At the same time, without a doubt, I know that I am even more in love with your dad than ever. It’s a deeper love now. We’ve been through a storm together….who am I kidding, we are still going through that storm, but I couldn’t have a better, more loving partner by my side. So even though life dealt us a horrible hand in our first pregnancy, I do know that in many ways, so, so many ways, I am still a lucky girl.

I just hope that the final step of our plan can come true one day. Even if it does, I also know that you will always be missing…you will always be missing from our future pictures.

seasons of love

I’ve been living without you for three months today. Three months. I really can’t believe it. That’s eighty four days…two thousand and sixteen hours…one hundred and twenty thousand nine hundred and sixty minutes. Have I really made it through all of that time without you? Have I really “made it through” at all? I don’t know. But I’m still breathing. That’s got to count for something, right?

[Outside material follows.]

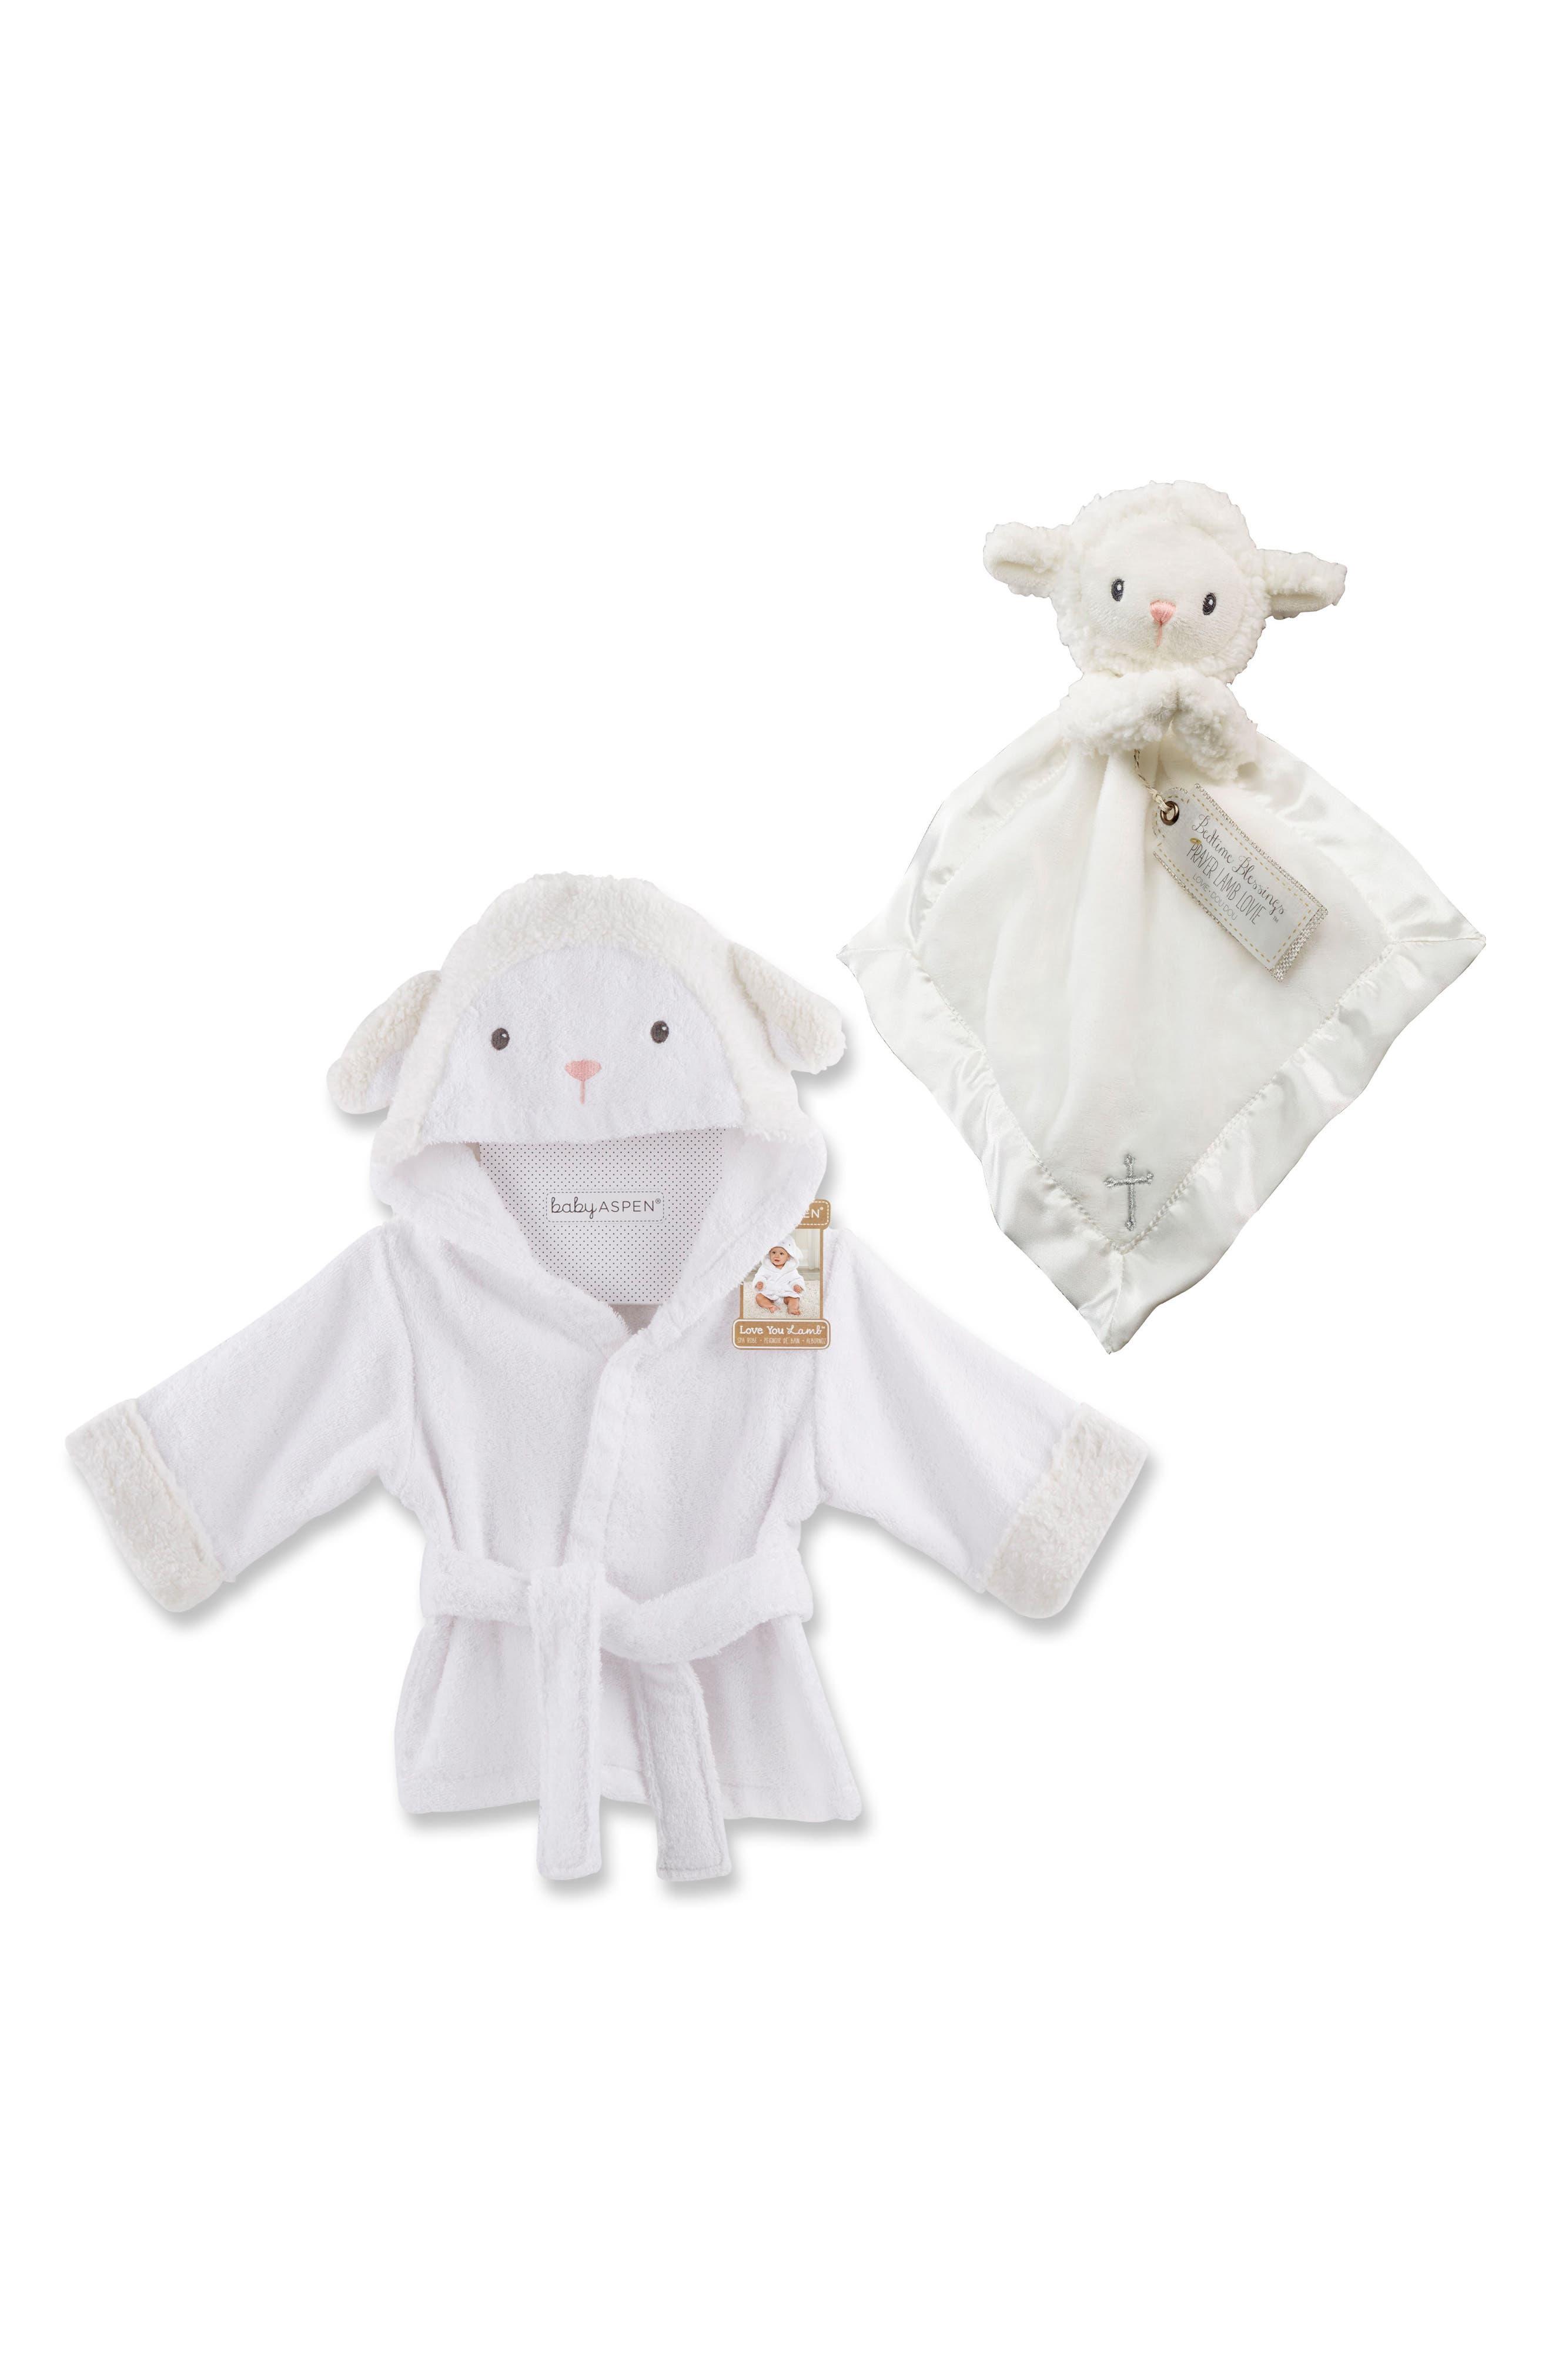 Alternate Image 1 Selected - Baby Aspen Lamb Hooded Robe & Blanket (Baby)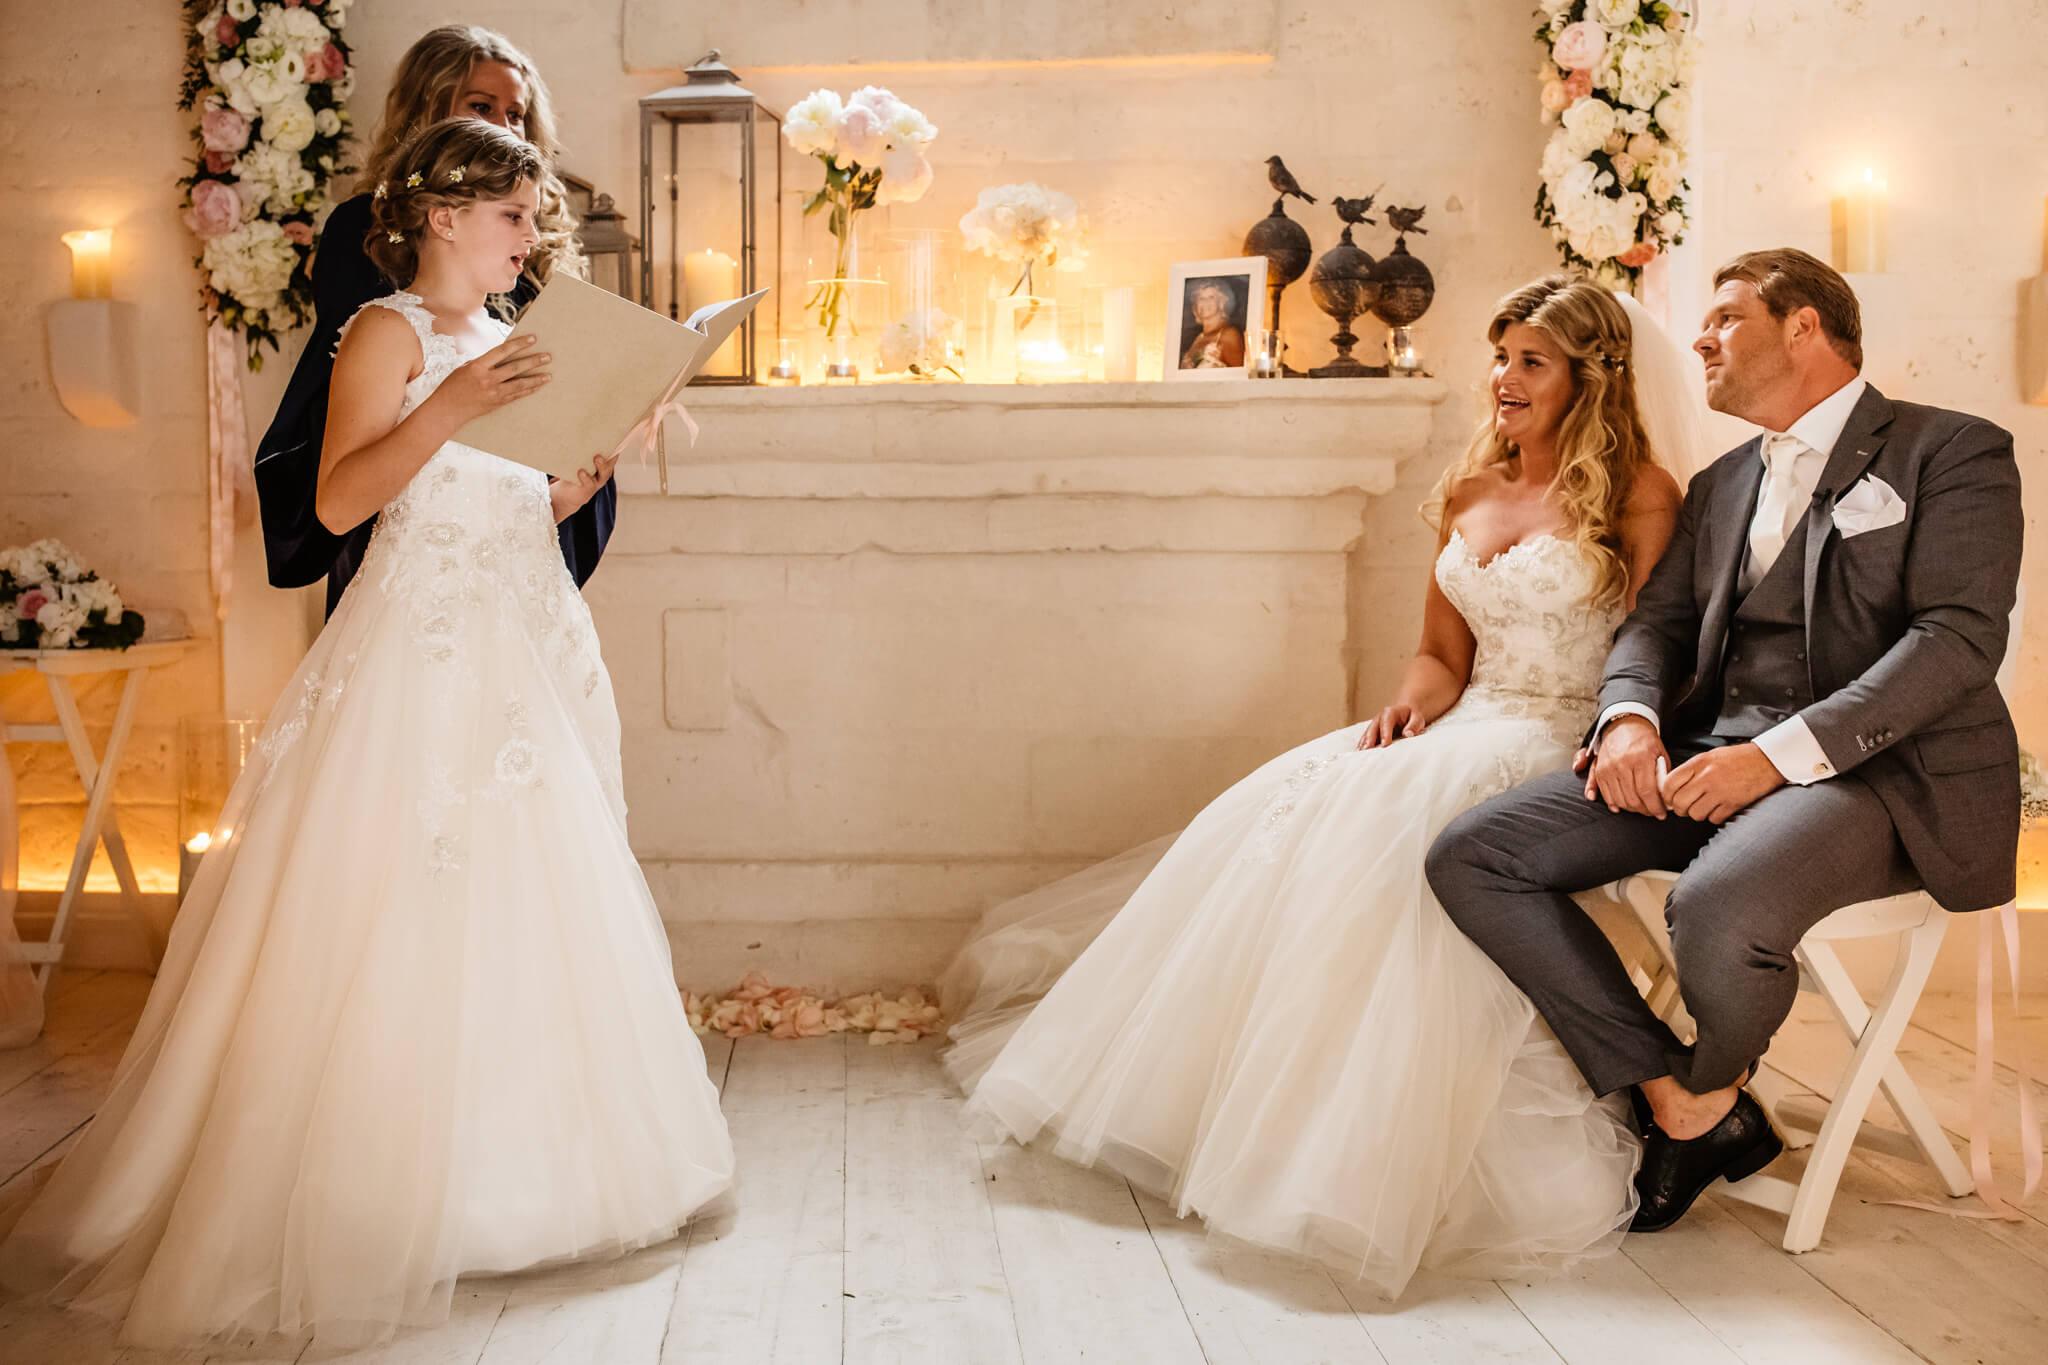 destination-wedding-italy-puglia-22.jpg

Lately I have been wishing I could have one more day when I was just pregnant, before the ultrasounds and diagnosis, when everything felt so sure, so right, and so exciting. All I can think is, I was just so happy. I never could have imagined how much I would change, how much everything would change, in three months time.

Over the weekend, seemingly out of nowhere, the tears just started flowing. The loud, sobby, uncontrollable kind. It seems to happen a lot these days.

I miss you, baby. So much. I guess that’s really all there is to say.